§ **What you are asked to do**:
Your output is to hold only the lines from the one showing "Mid Century Modern" through the end of the listing, exactly, with every picture excluded.

§ **Supplied data**:
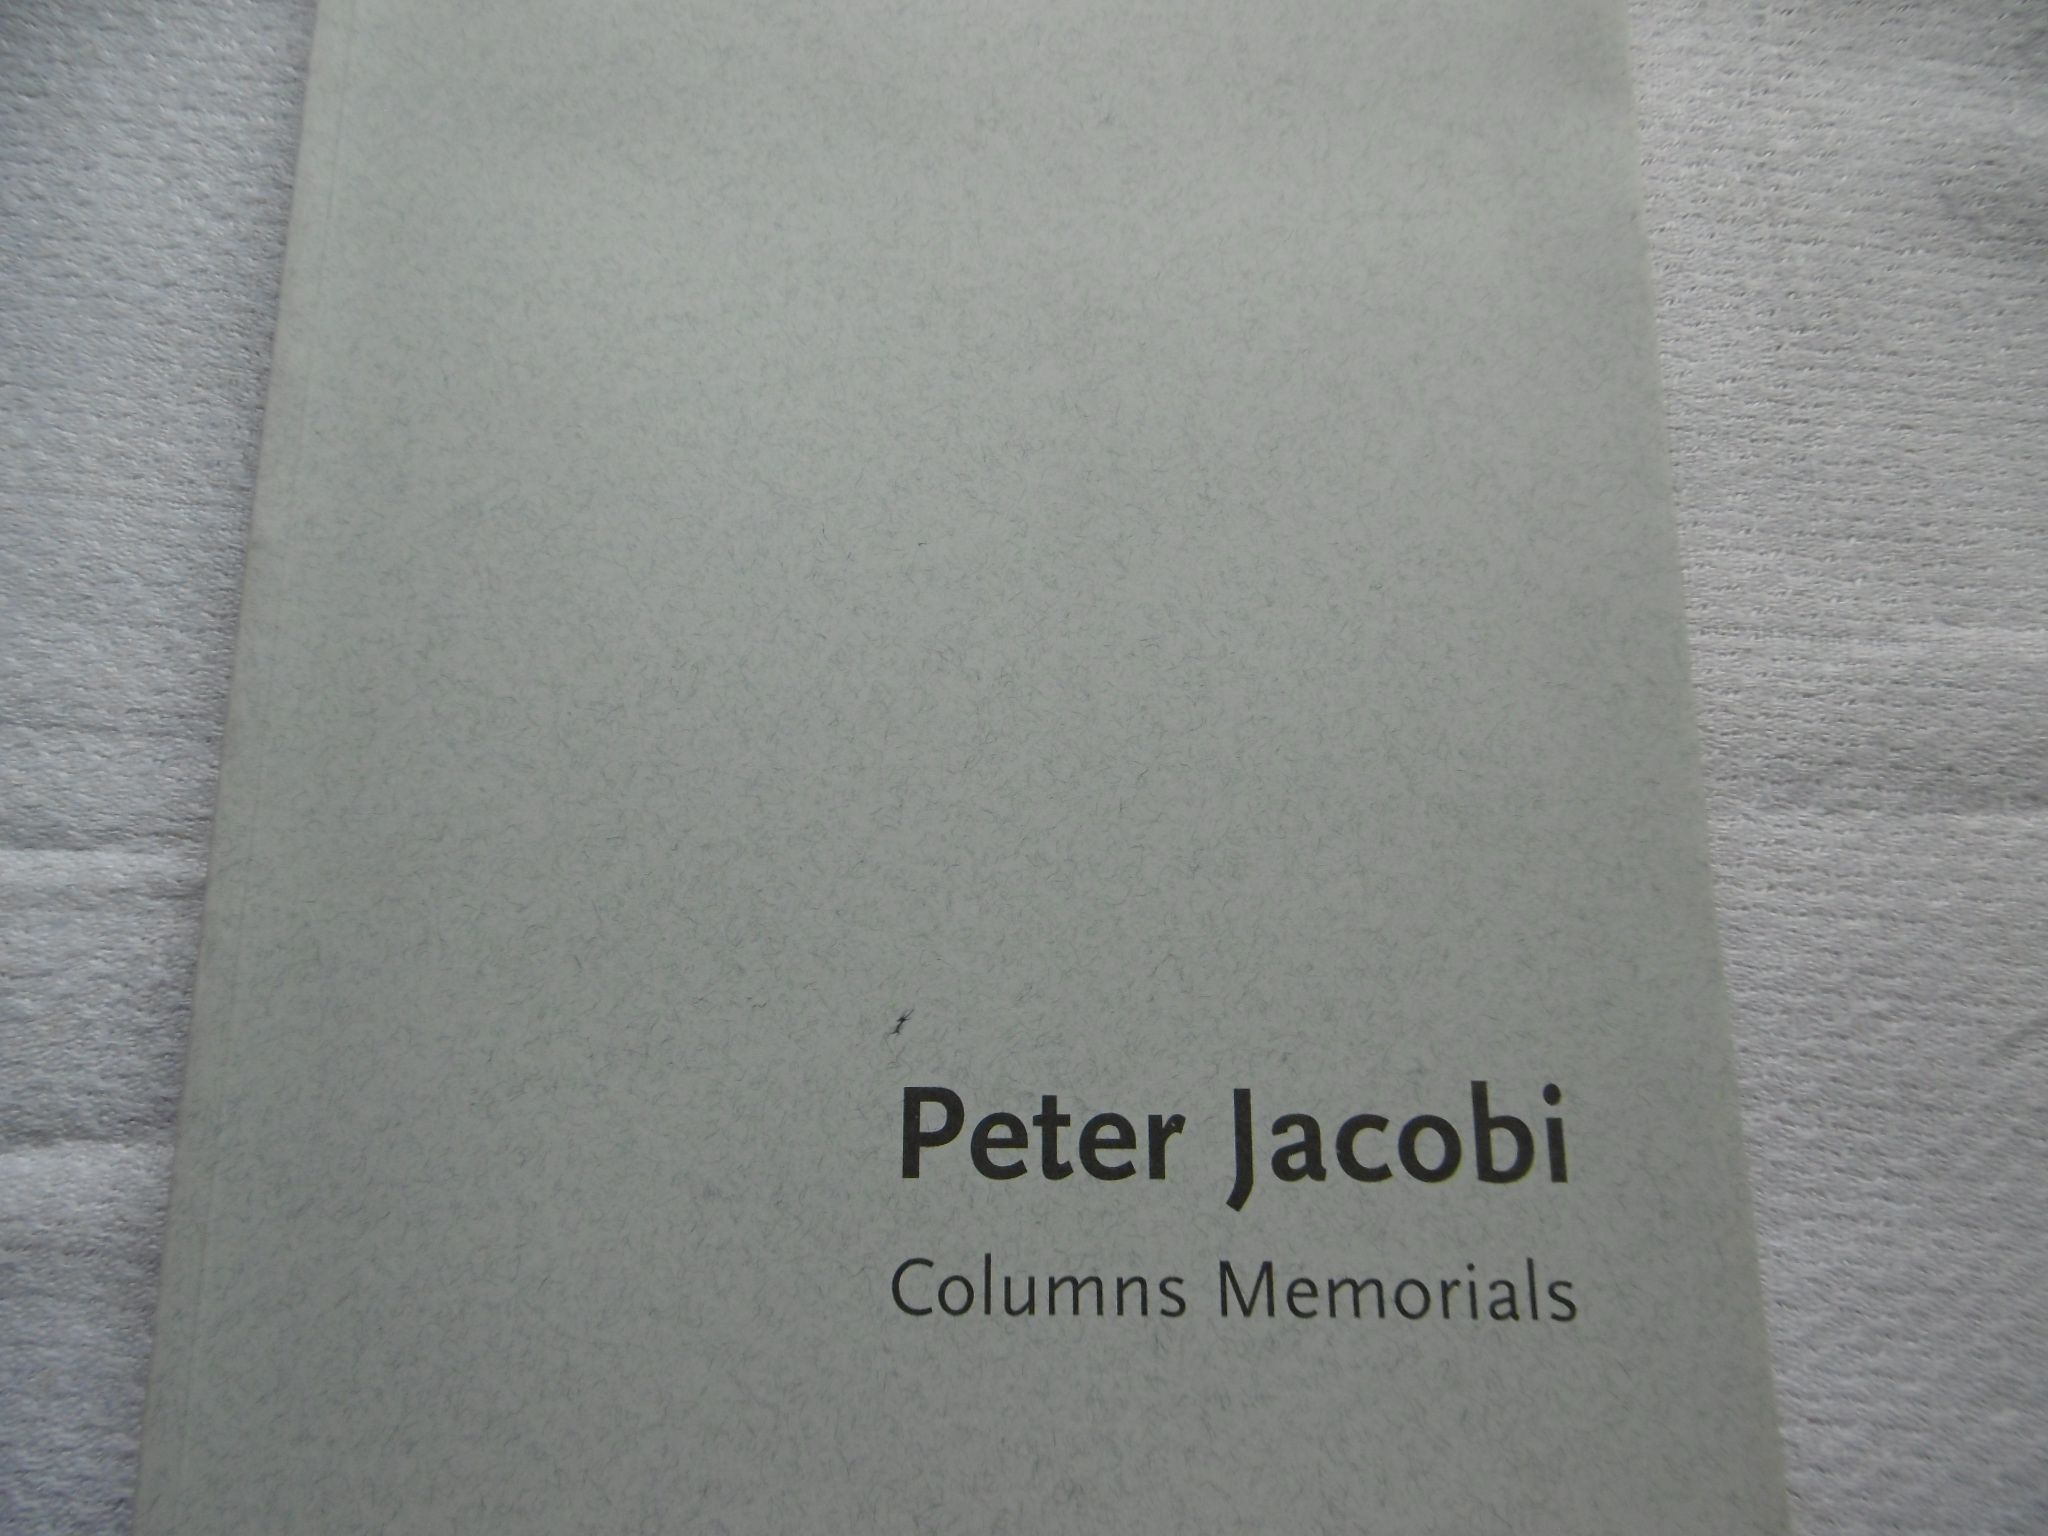 Peter Jacobi - Columns Memorials - Museum Ostdeutsche Galerie Regensburg 24.10-21.11. 1999 - Peter Jacobi
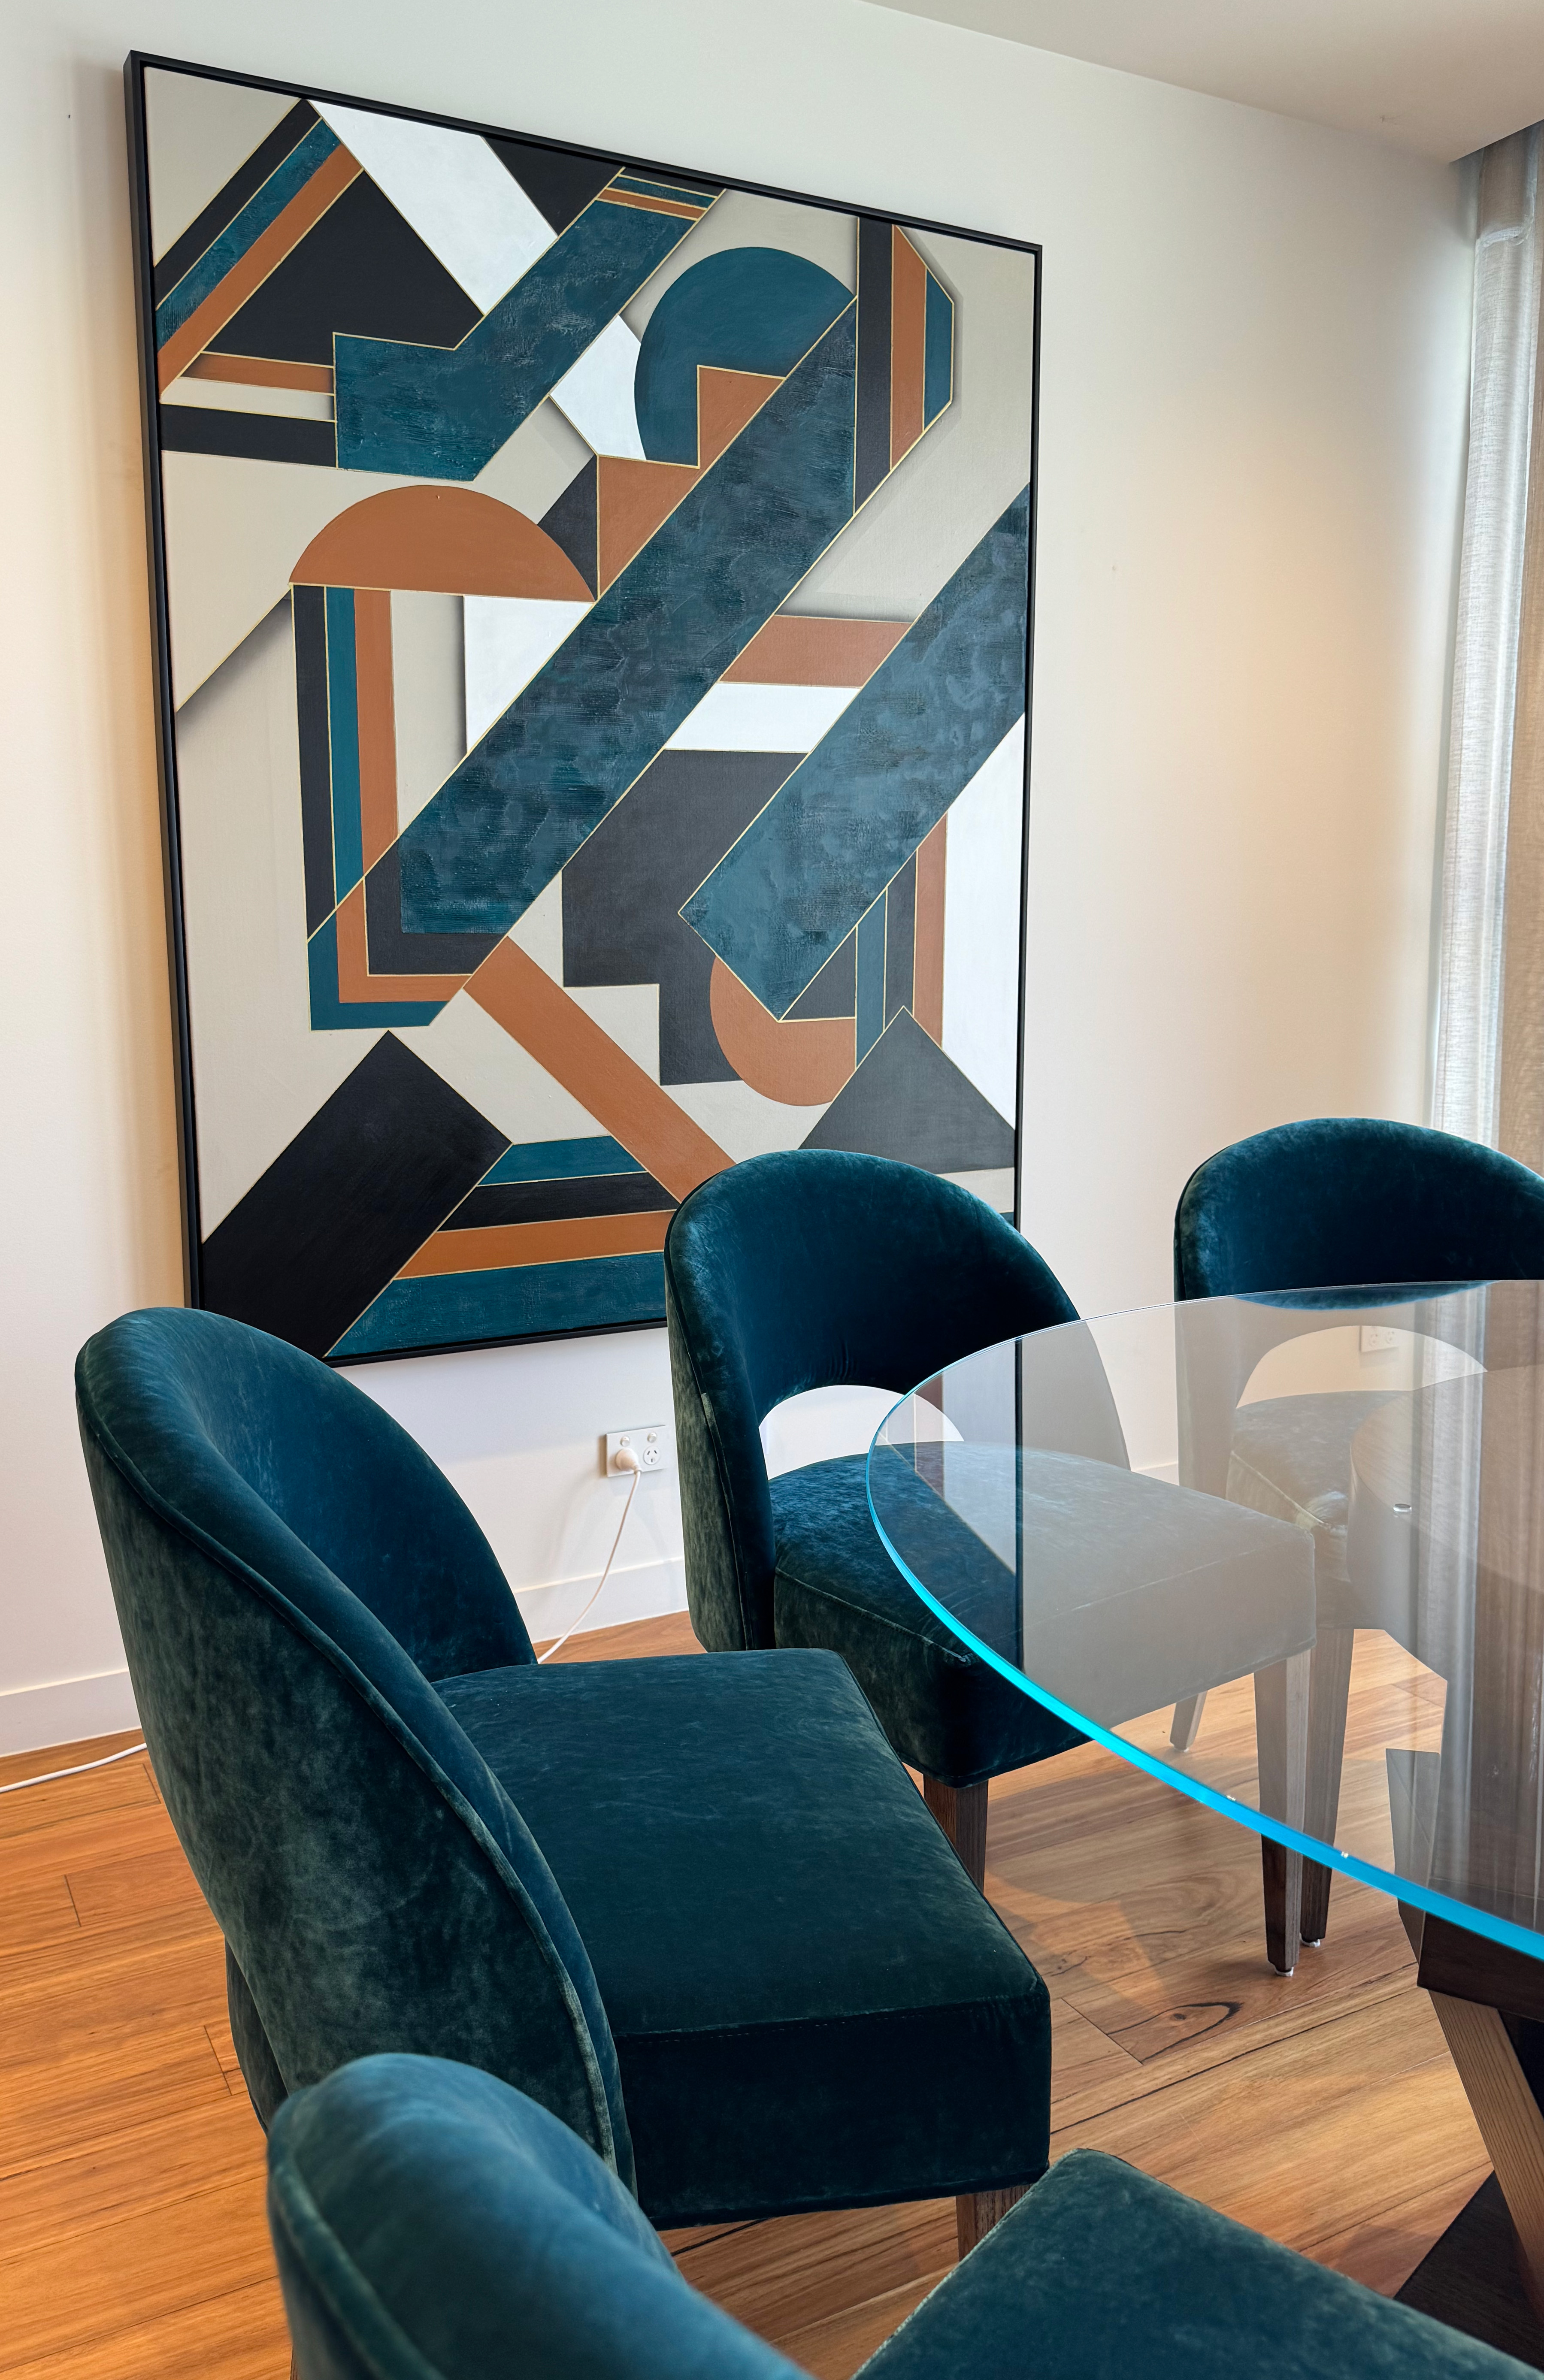 Mid Century Modern Dining Chair, by Luxury Interior Designer, Interior Design Mark Alexander Design
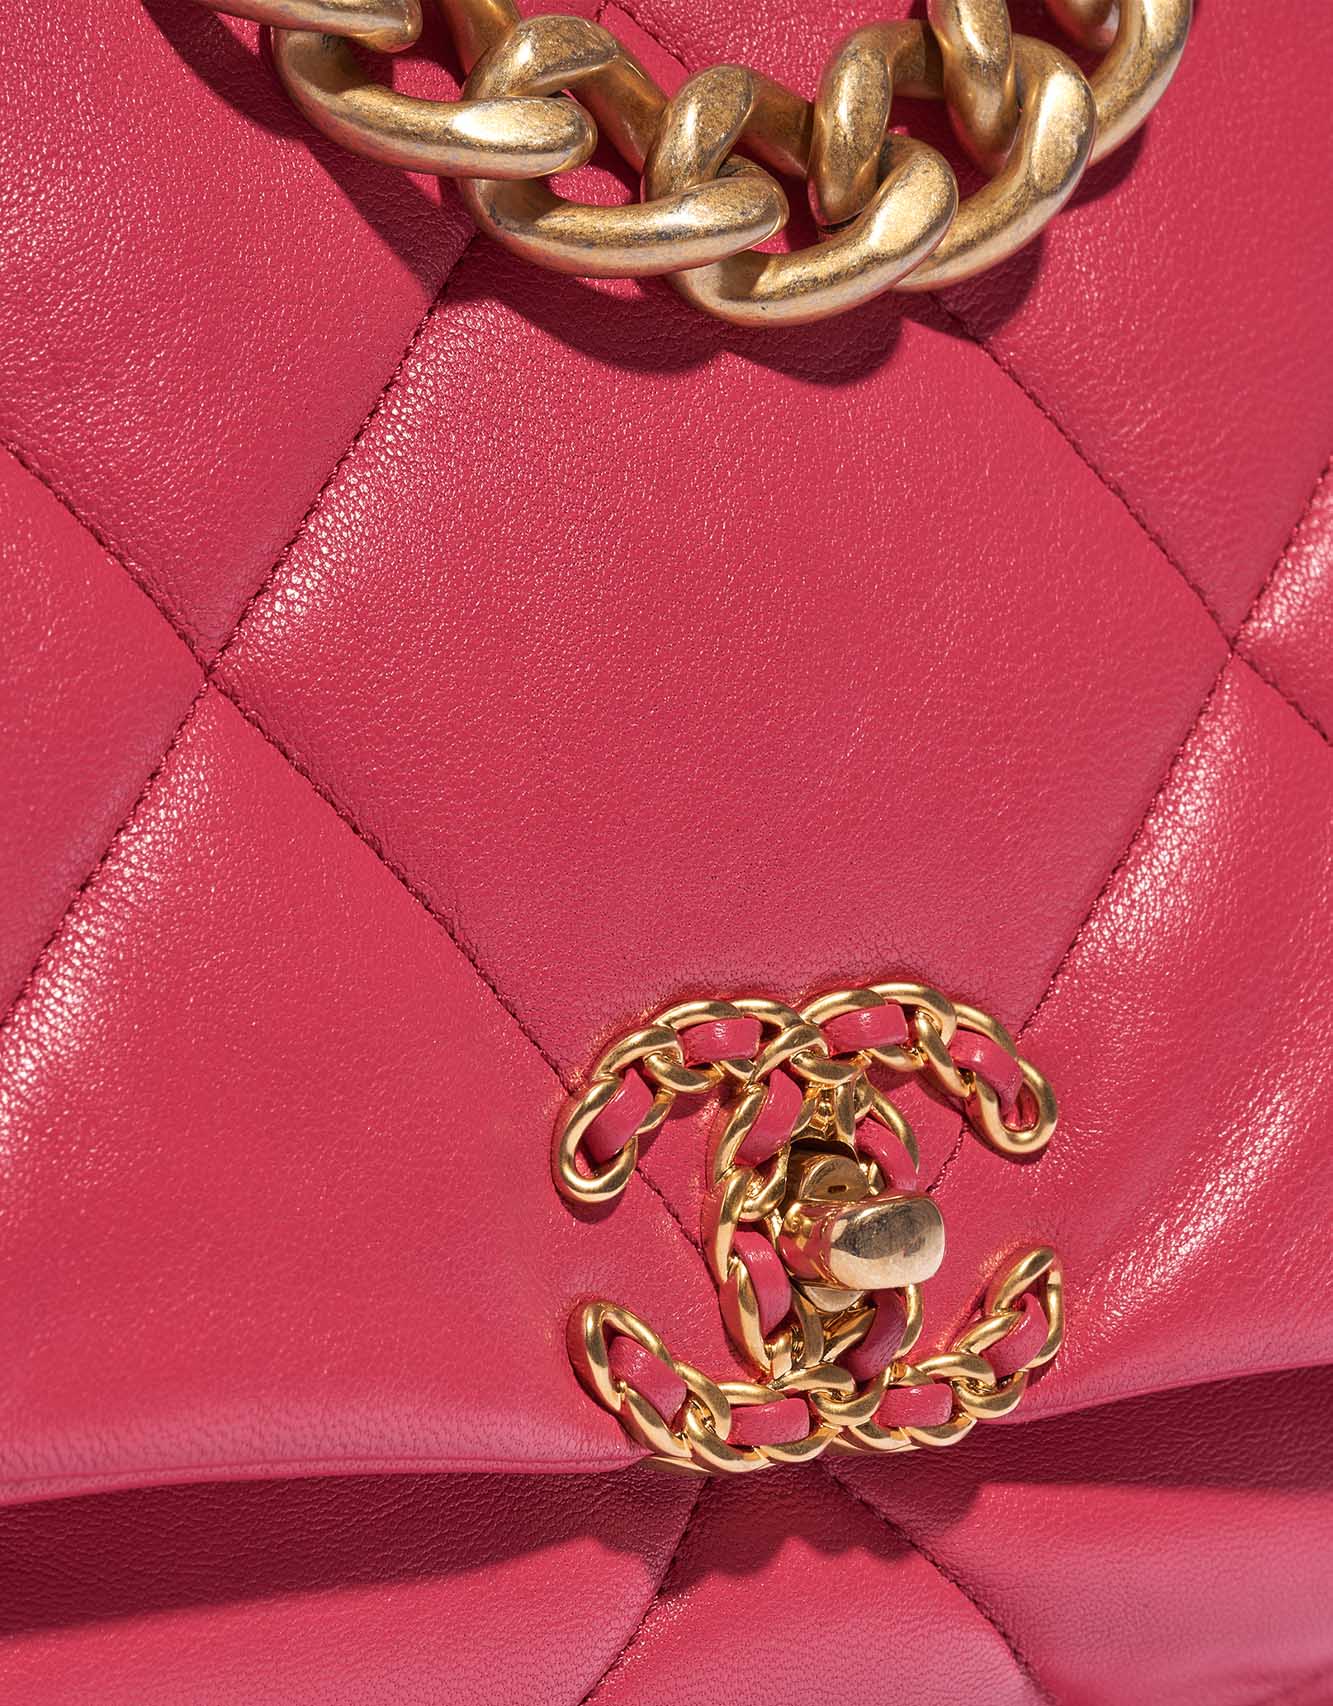 Gebrauchte Chanel Tasche 19 Maxi Flap Bag Lammleder Pink Pink Closing System | Verkaufen Sie Ihre Designer-Tasche auf Saclab.com

§ **Task solution**:
 Mid Century Modern Dining Chair, by Luxury Interior Designer, Interior Design Mark Alexander Design
 Gebrauchte Chanel Tasche 19 Maxi Flap Bag Lammleder Pink Pink Closing System | Verkaufen Sie Ihre Designer-Tasche auf Saclab.com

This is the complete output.